** WORK INSTRUCTION **
Start with the line that holds "帆船 【2015大鹏杯帆船赛】鱼眼看航海 16008.jpg". Please copy it and each remaining line below exactly, leaving pictures out.

** GIVEN DATA **
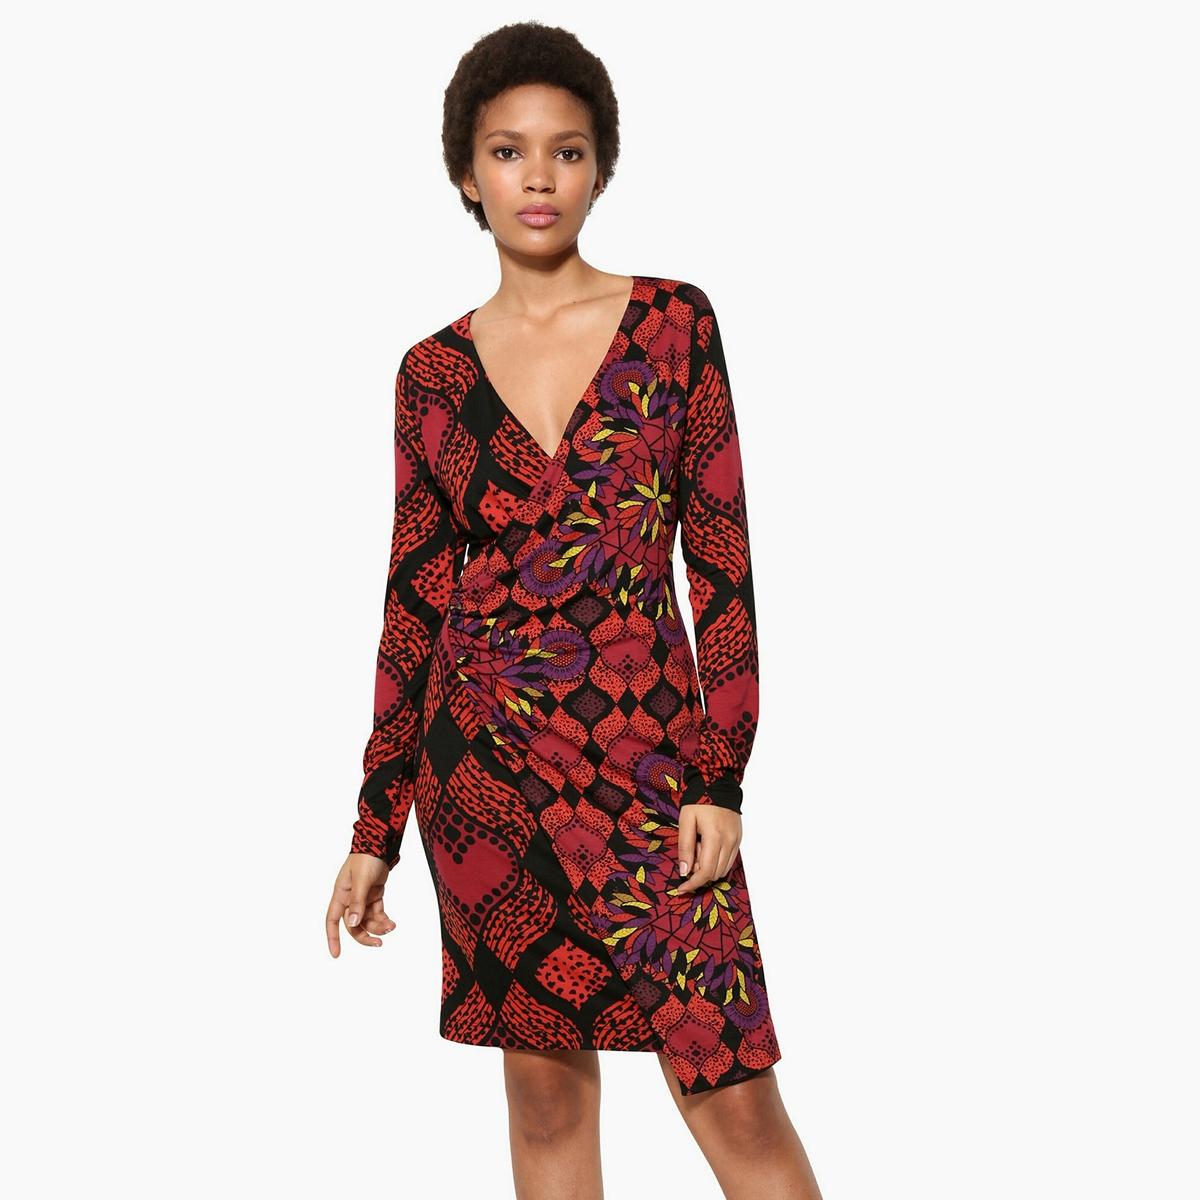 Платье короткое с длинными рукавамиДетали •  Форма : МИНИ •  короткое  •  Длинные рукава     •  Круглый вырез •  Цветочный рисунок Состав и уход •  95% вискозы, 5% эластана •  Следуйте советам по уходу, указанным на этикетке<br><br>Цвет: красный<br>Размер: M
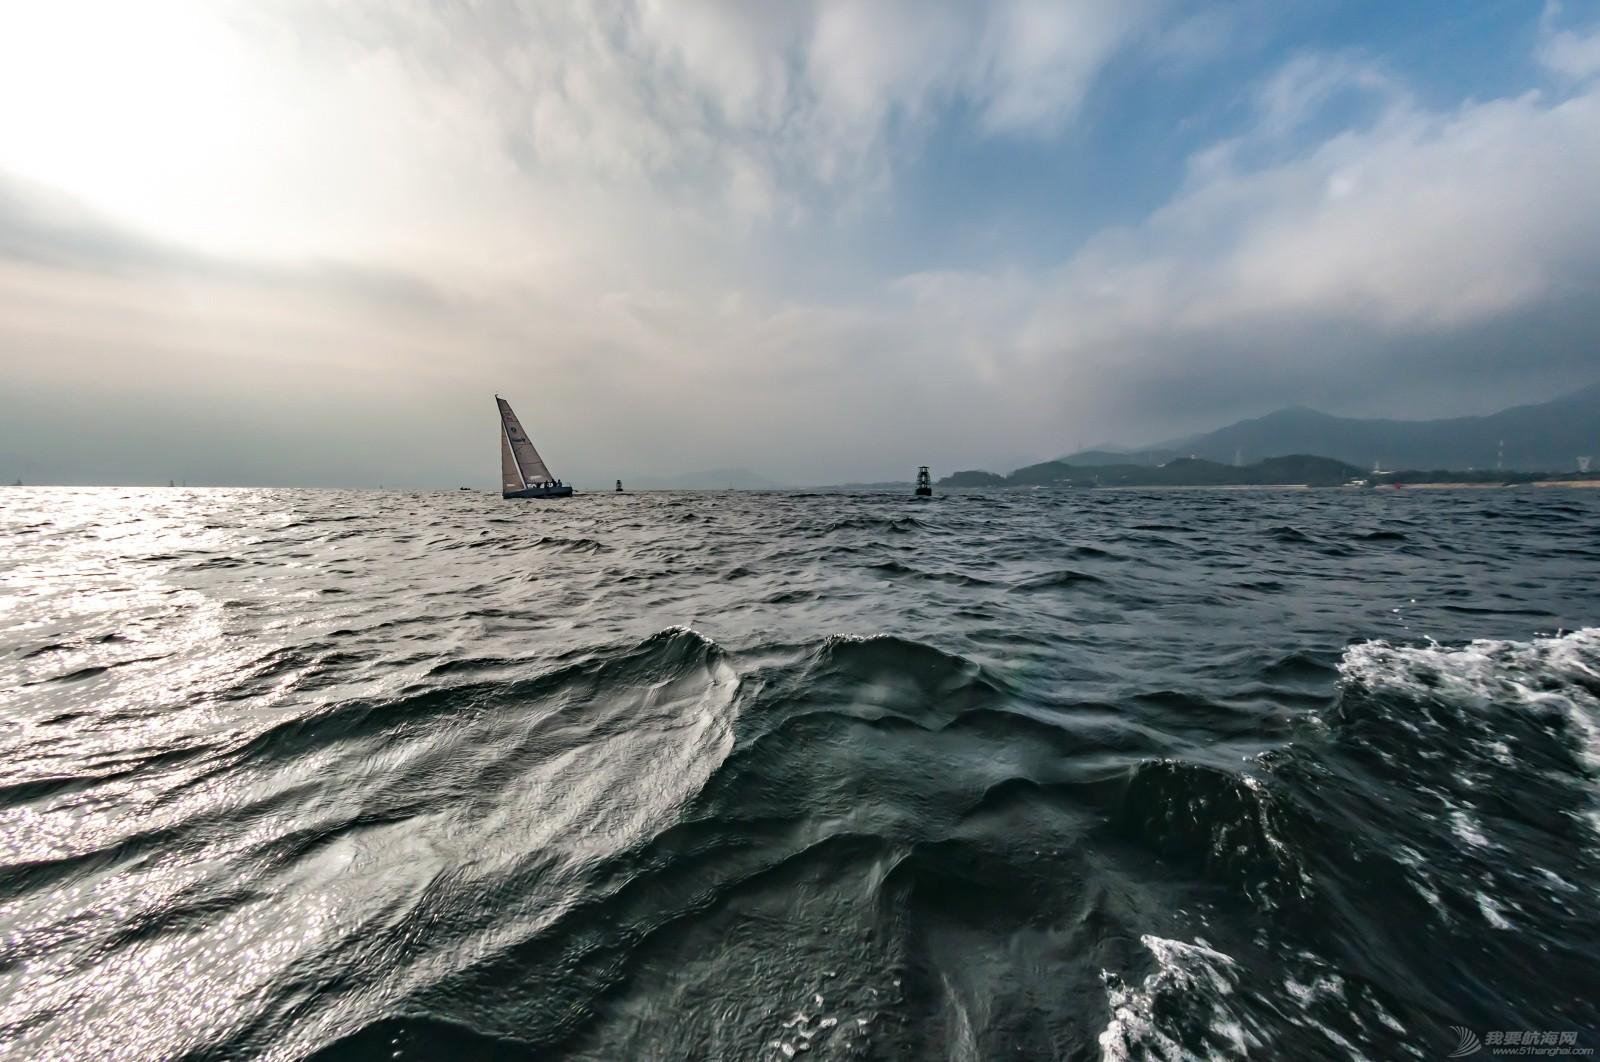 帆船 【2015大鹏杯帆船赛】鱼眼看航海 16008.jpg
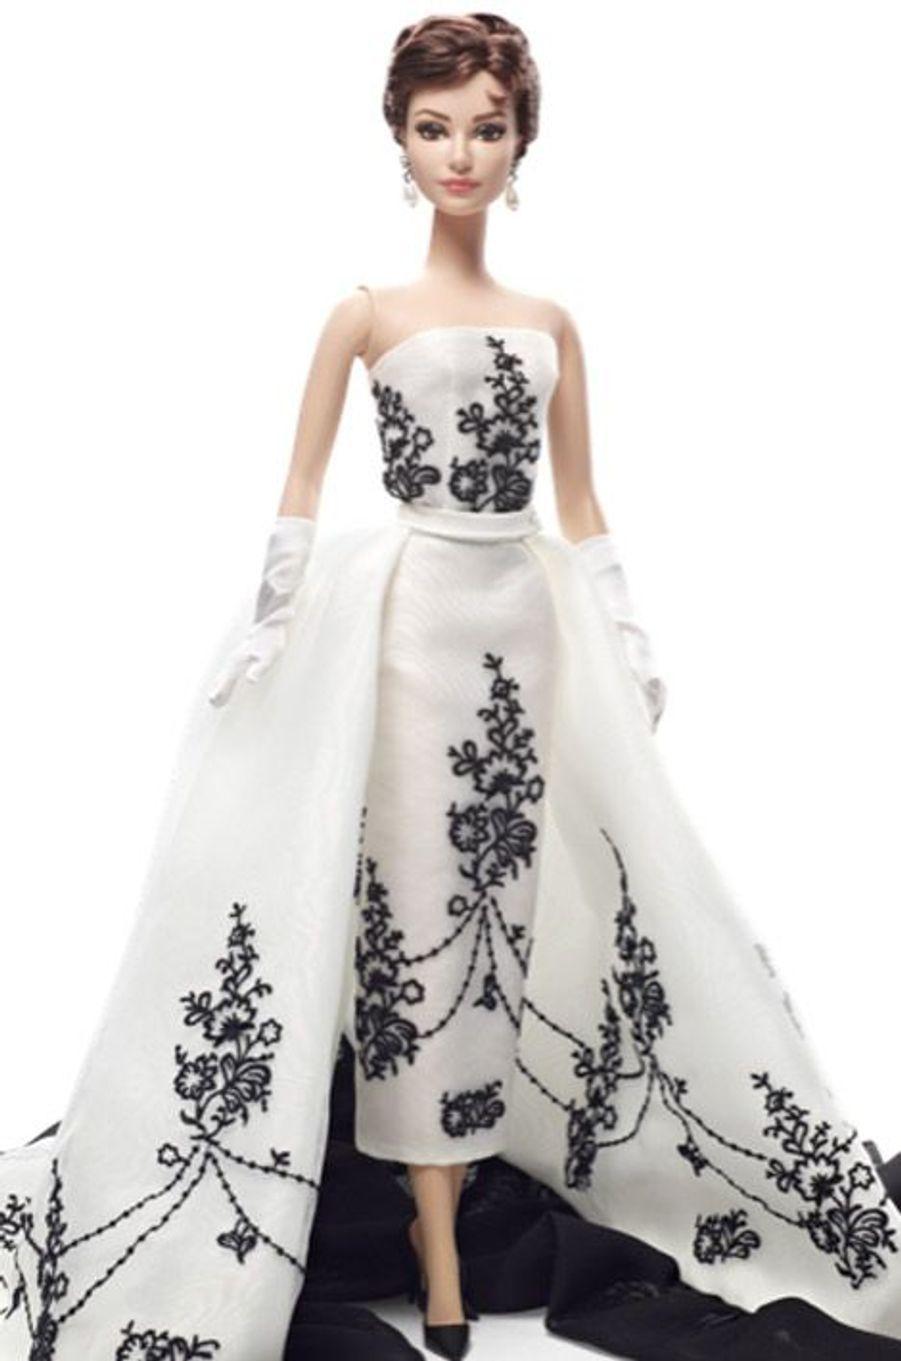 La Barbie Audrey Hepburn d'après le film Sabrina (1954), éditée en 2013

** YOUR RESPONSE **
 帆船 【2015大鹏杯帆船赛】鱼眼看航海 16008.jpg
 La Barbie Audrey Hepburn d'après le film Sabrina (1954), éditée en 2013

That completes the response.